To what volume should you dilute 47.0 mL of a 5.95 M KI solution so that 27.5 mL of the diluted solution contains 3.50 g of KI?
The mol mass of KI is 166, so 3.5g = 0.021 moles KI
.021mol/.0275L = 0.767 M
So, you need to dilute the original solution from 5.95M to 0.767M
That's a dilution by a factor of 7.757
So, the volume must increase by that factor, so you need .047*7.757 = 365mL
How many mols is 3.50 g KI? That's mols = grams/molar mass = 3.5/approx 366 = approx 0.021 mols.
You want to dilute the 5.95 to what volume? The new concentration of the 5.95M solution will be 5.95 x (0.047/y) = ? where y is the volume to which it is diluted but you don't know what y is yet.
Then 0.0275 L of that should contain that 0.021 mols KI.
0.0275 x [5.95 x (0.047/y) = 0.021
(Remember M x L = mols. The 0.0275 is the L and the 5.95 x 0.047/y is the M term.)
Solve for y = final volume.
To find the volume of the diluted solution, we need to use the equation for dilution:
C1 × V1 = C2 × V2
where:
C1 = initial concentration of the solution = 5.95 M
V1 = initial volume of the solution = 47.0 mL
C2 = final concentration of the solution = unknown
V2 = final volume of the solution = 27.5 mL
First, we need to convert the given mass of KI (3.50 g) to moles. We can use the molecular weight of KI to do this calculation.

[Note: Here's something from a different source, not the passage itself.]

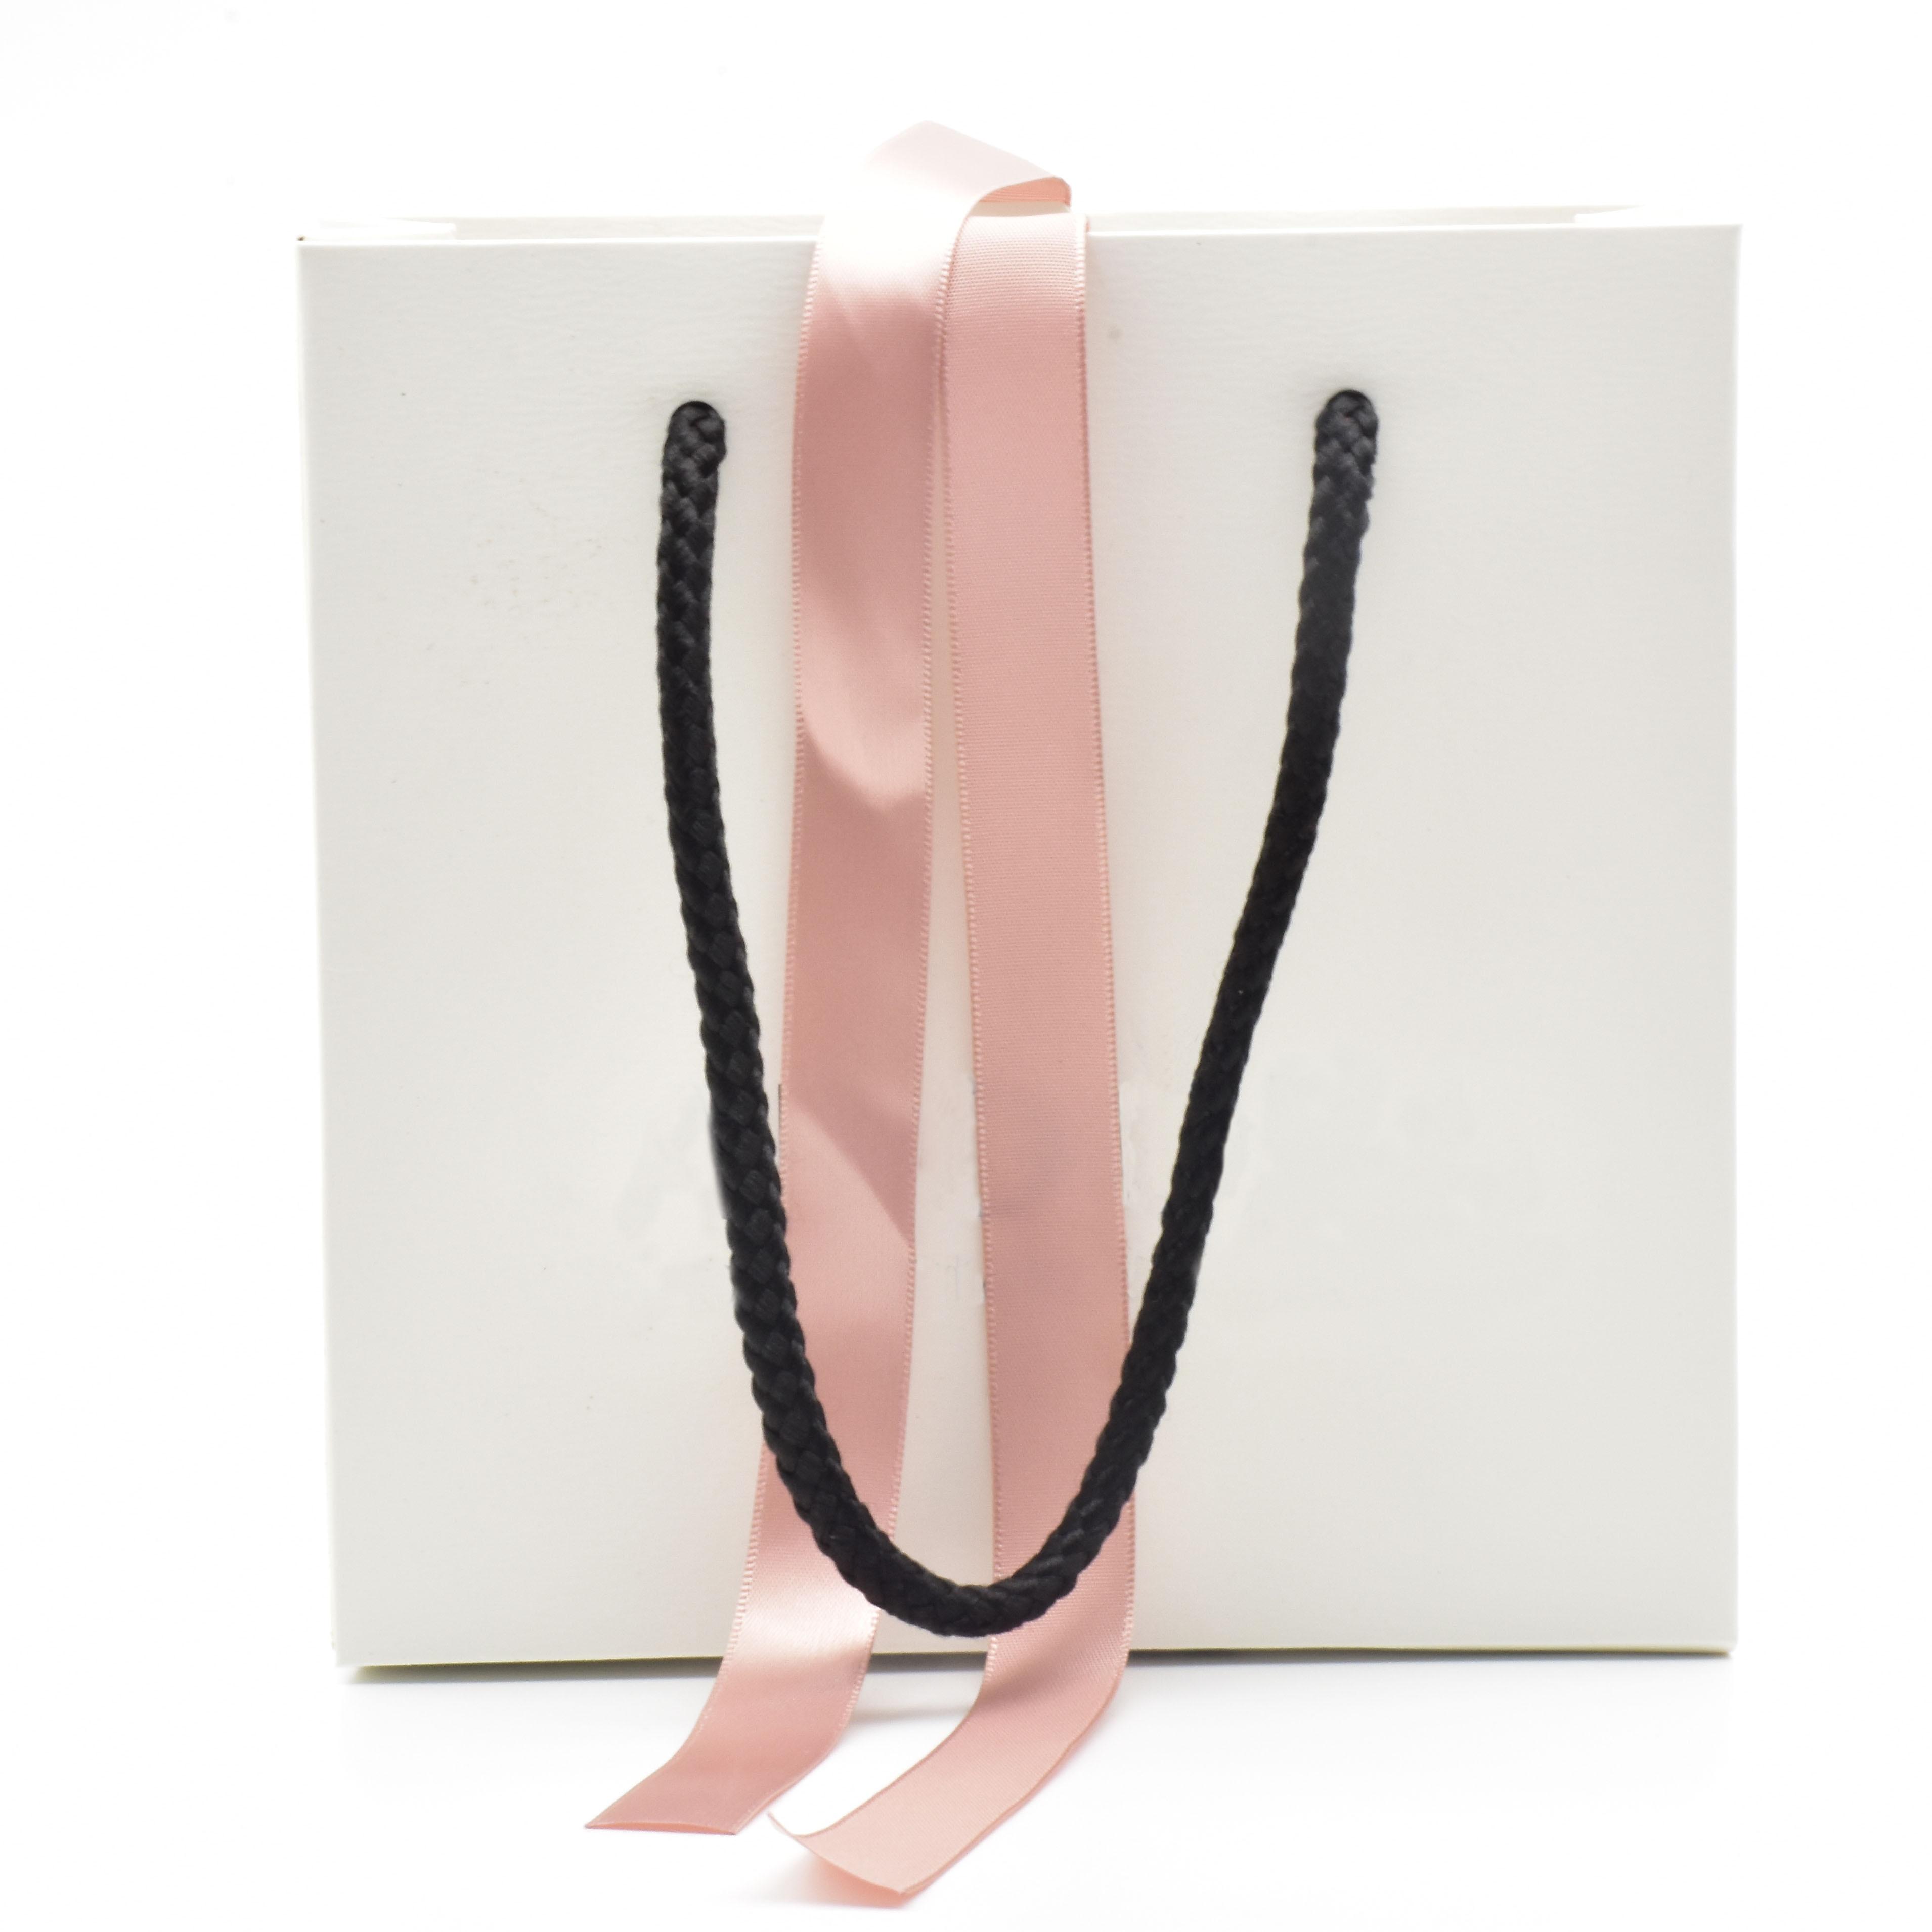 Wholesale 50Pcs Exquisite High-Quality Classic Paper Gift Bag Fit Original Pan Jewelry Box Packaging Bag Shop 16*16*6cm

The molecular weight of KI can be found by adding the atomic weights of potassium (K) and iodine (I).
Atomic weight of K = 39.10 g/mol
Atomic weight of I = 126.90 g/mol
So, the molecular weight of KI = (39.10 g/mol) + (126.90 g/mol) = 166.00 g/mol
Now, we can calculate the number of moles of KI in 3.50 g:
Moles of KI = Mass of KI / Molecular weight of KI
= 3.50 g / 166.00 g/mol
= 0.0211 mol
Next, we can substitute the known values into the equation for dilution to solve for C2:
C1 × V1 = C2 × V2
(5.95 M) × (47.0 mL) = C2 × (27.5 mL)
Solve for C2:
C2 = (5.95 M × 47.0 mL) / (27.5 mL)
= 10.17 M
Now we know the final concentration of the solution (C2 = 10.17 M). We can use this value to calculate the final volume of the solution (V2) that contains 0.0211 mol of KI:
V2 = Moles of KI / C2
= 0.0211 mol / 10.17 M
= 0.00207 L = 2.07 mL
Therefore, you need to dilute 47.0 mL of a 5.95 M KI solution to a final volume of 2.07 mL to obtain a diluted solution where 27.5 mL of it contains 3.50 g of KI.